Map Rap

While reading your article “Nukes of Hazard: Vandenberg, Star Wars, and North Korea,” I noticed a map that showed the range of missiles as concentric circles projected onto a flat Earth, which is highly problematic.

In 2003, The Economist posted a very similar map and subsequently issued a formal correction. I would like to bring these maps to your attention so that a similar correction can be issued and such cartographic errors can be avoided in the future.

Flat-earth thinking. Thank you to those readers who pointed out that, by superimposing concentric circles on a Mercator projection, the map in our May 3rd issue (now corrected online) greatly underestimated the potential reach of North Korea’s missiles. We stand corrected.” —The Economist

The improved map from the Center for Strategic and International Studies (CSIS) below does not impose concentric circles on a Mercator map projection, but rather, warps the concentric circles to account for the distortion caused by the map projection.
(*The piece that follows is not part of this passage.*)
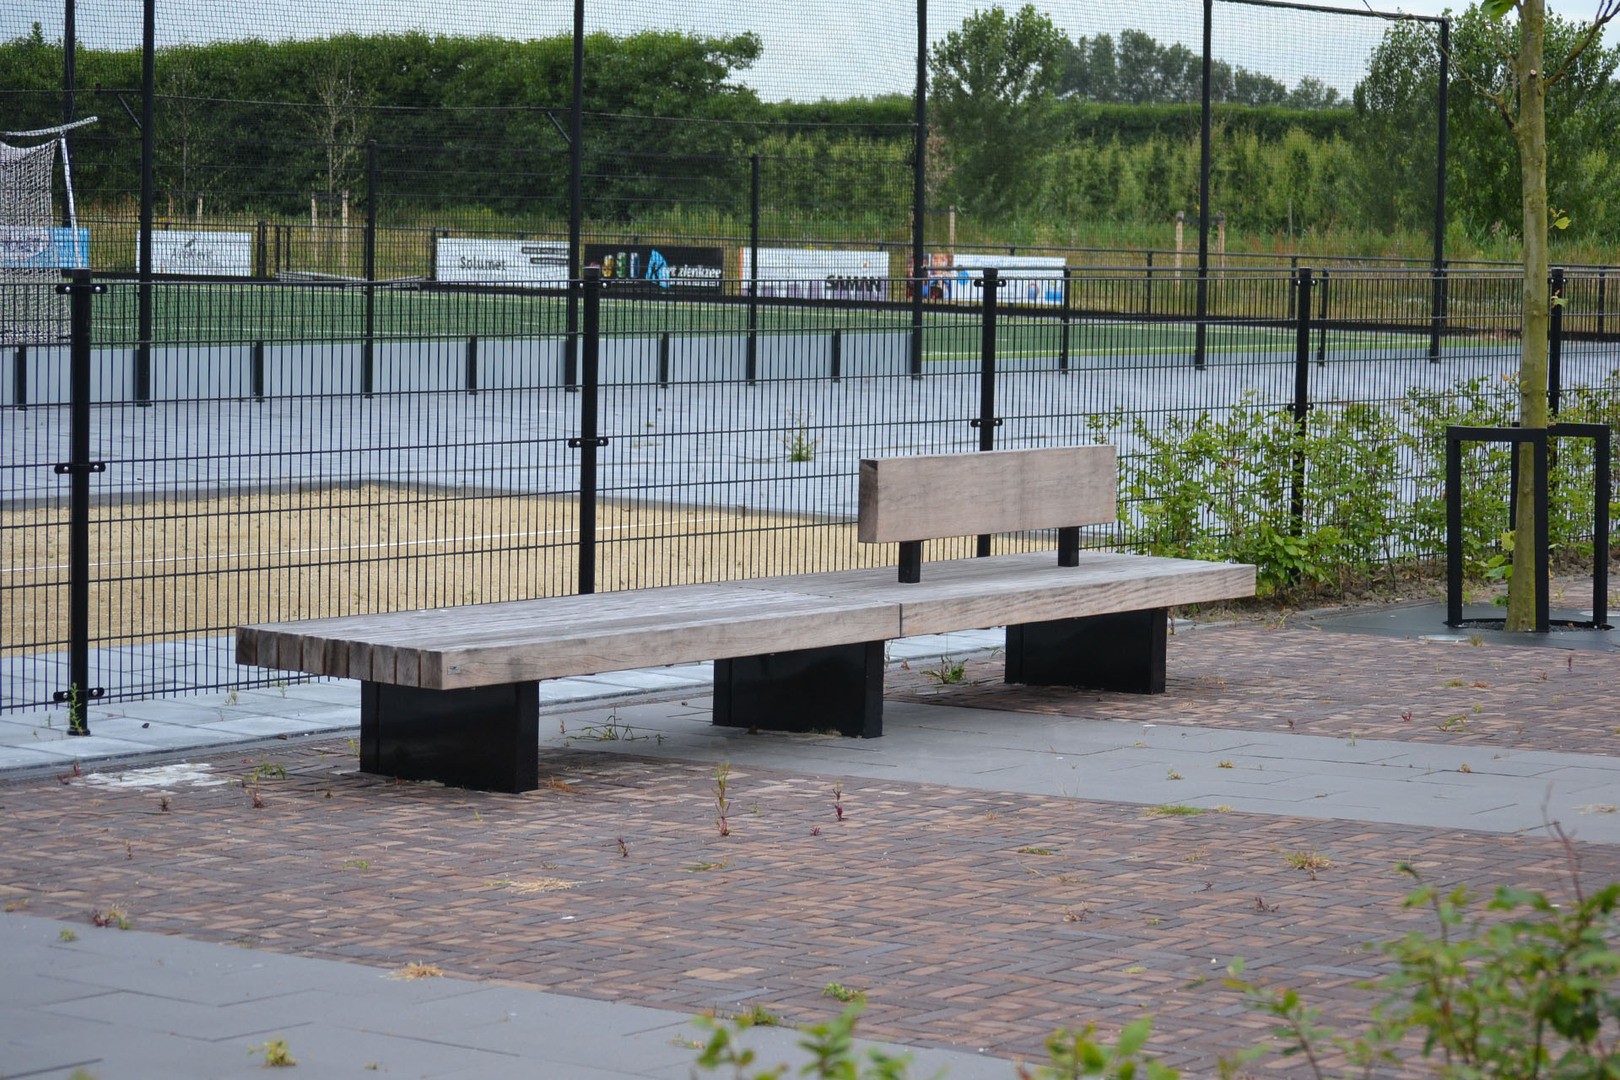 Espace public - Aménagement parc sportif par Grijsen

I would also like to mention that according to CSIS, the last two missiles in the above graphic (10, 11) have not yet been tested. The “Nukes of Hazard” article features the Hwasong-12 missile (9), which was tested this May. Other graphics, such as those shown recently in the New York Times, have included caveats explaining this and by indicating projected distances with dashed rather than solid lines. The Independent‘s graphic did not. The difference in distance between the projected range and the actual known range based on completed missile tests varies wildly.
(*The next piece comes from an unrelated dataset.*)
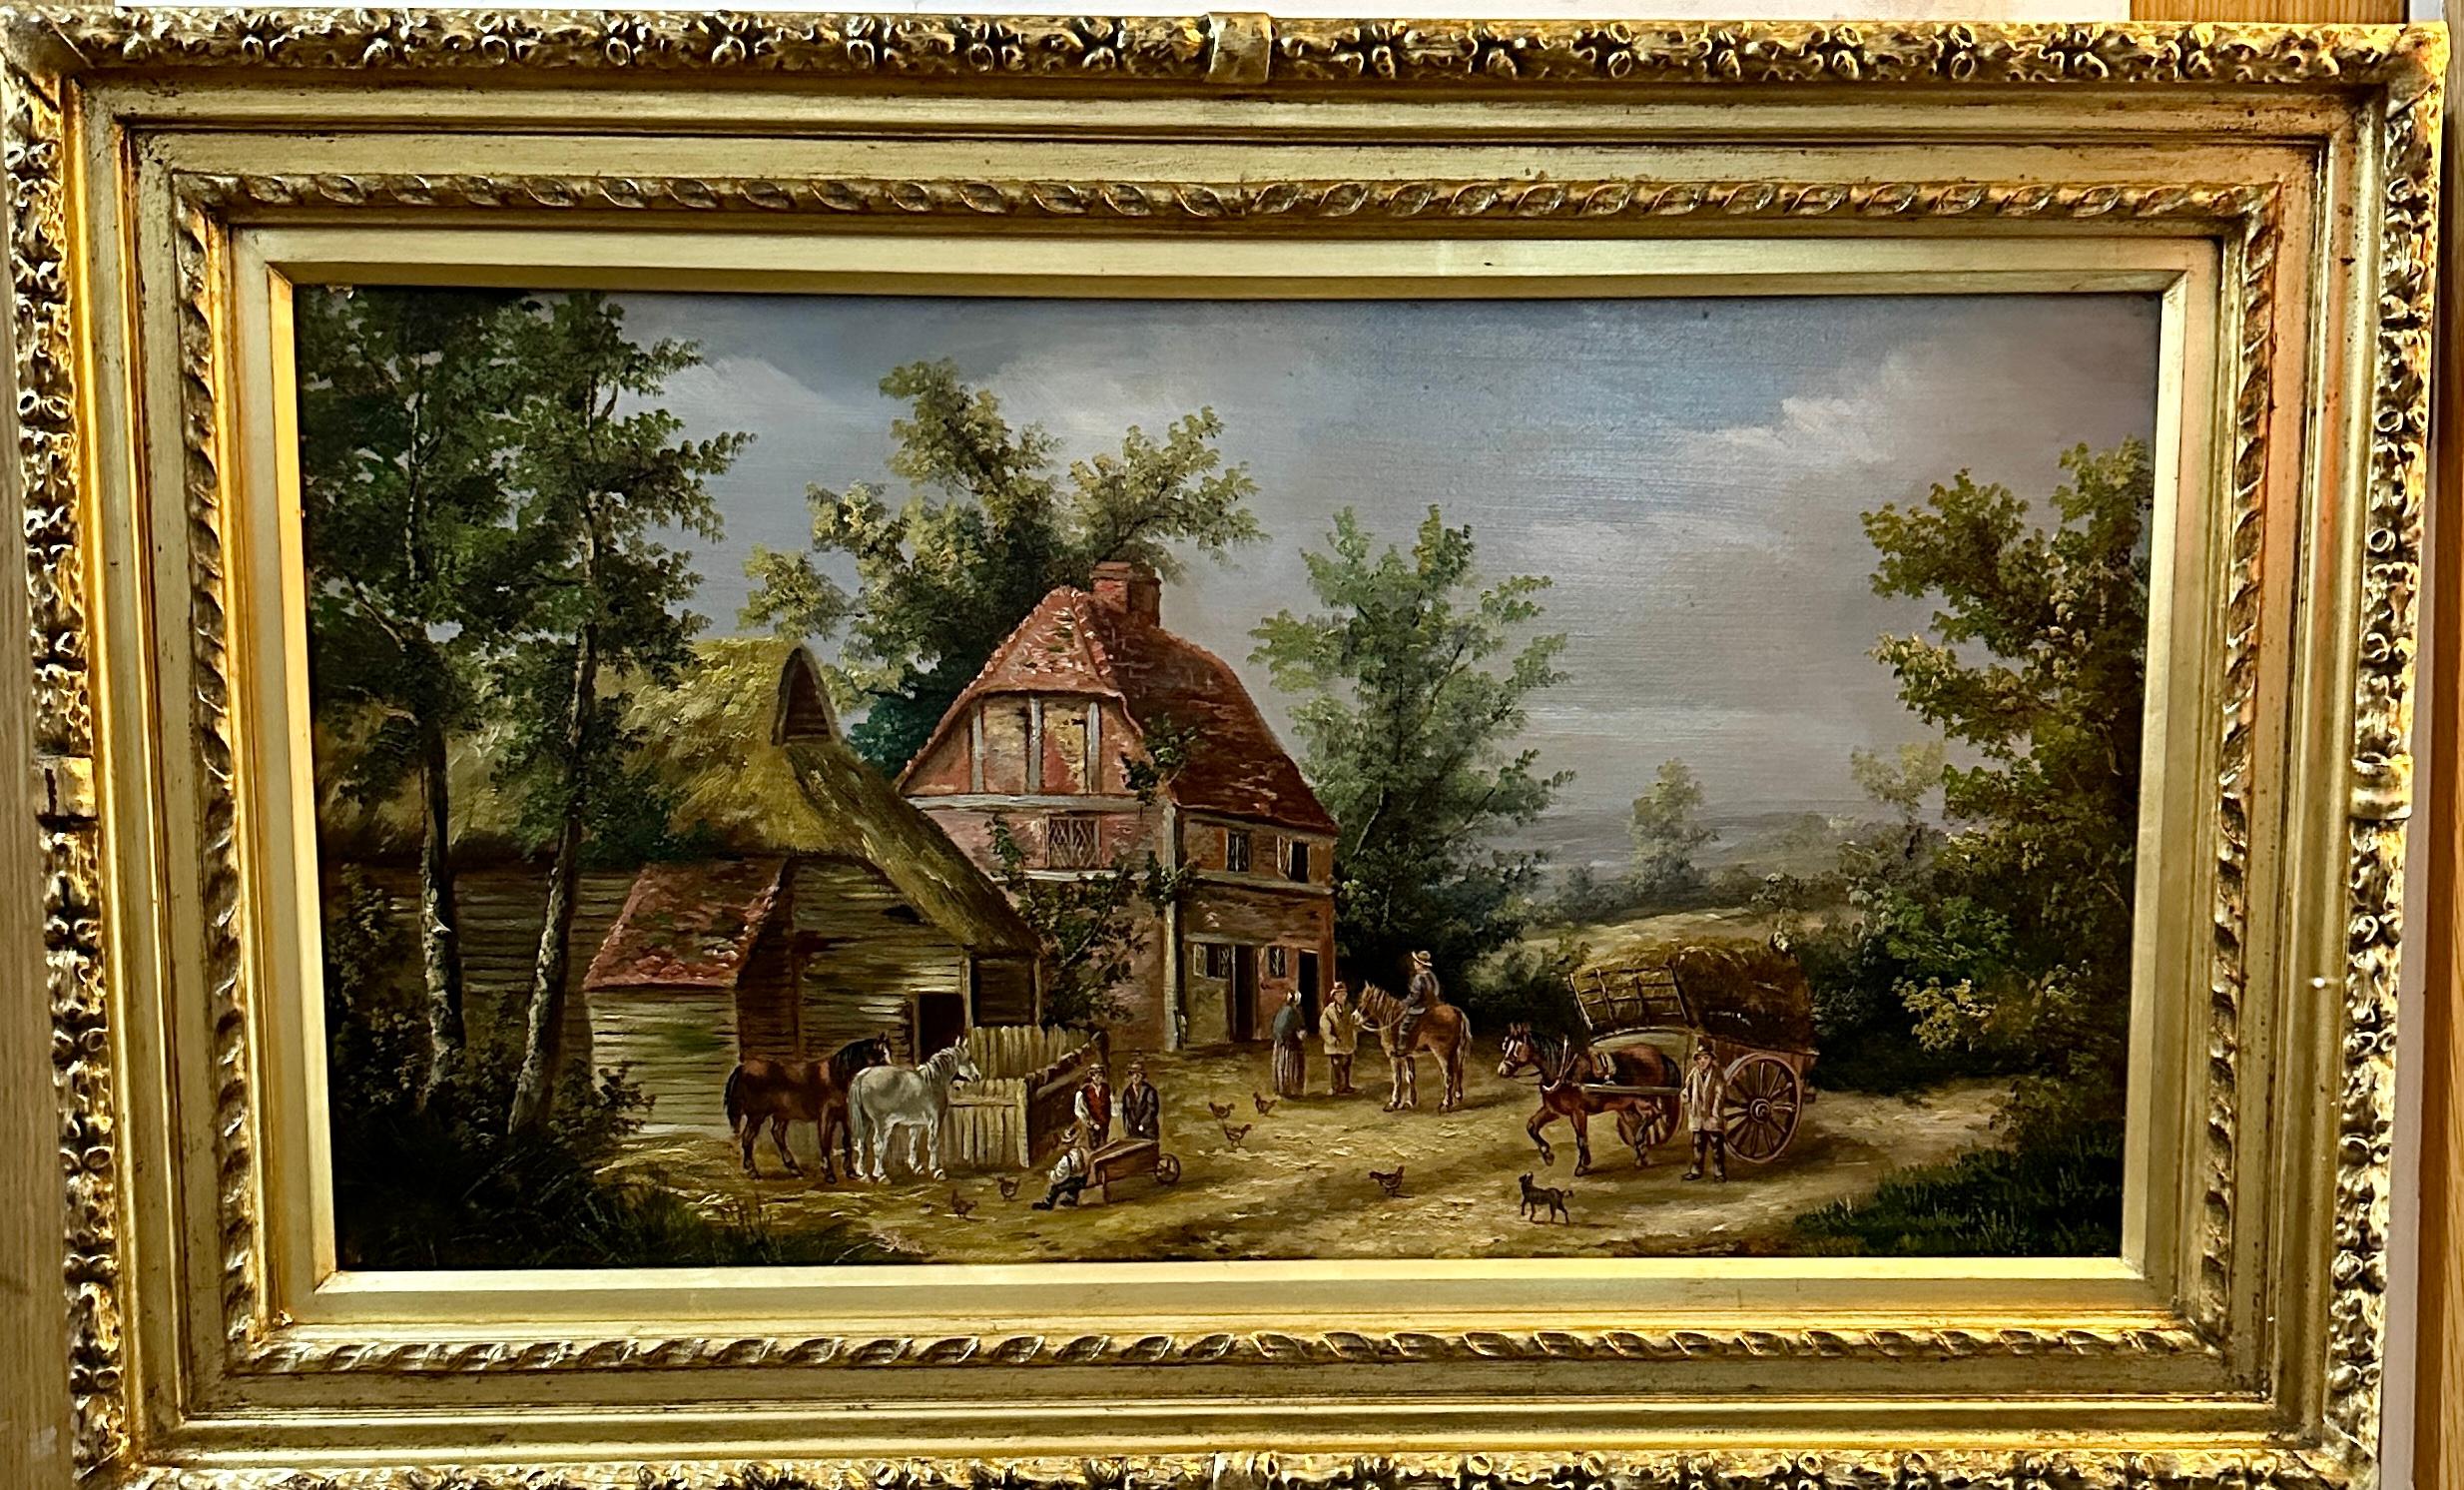 Scène de village anglaise du 19e siècle avec cottages, chevaux et personnes

Partisan organizations, like the Heritage Foundation, are responsible in part for promoting this fear mongering. I would hope that The Santa Barbara Independent would be sensitive to this bias and cartographically distinguish tested missile distances, or at least provide readers with this additional information in the map’s legend.

Maps are so powerful because they are simple pictures that can tell rich stories. For this reason however, map producers need to remain vigilant about the stories that we tell with them, lest we “lie with maps.”

Sara Lafia is a graduate student in the UCSB Department of Geography, Center for Spatial Studies.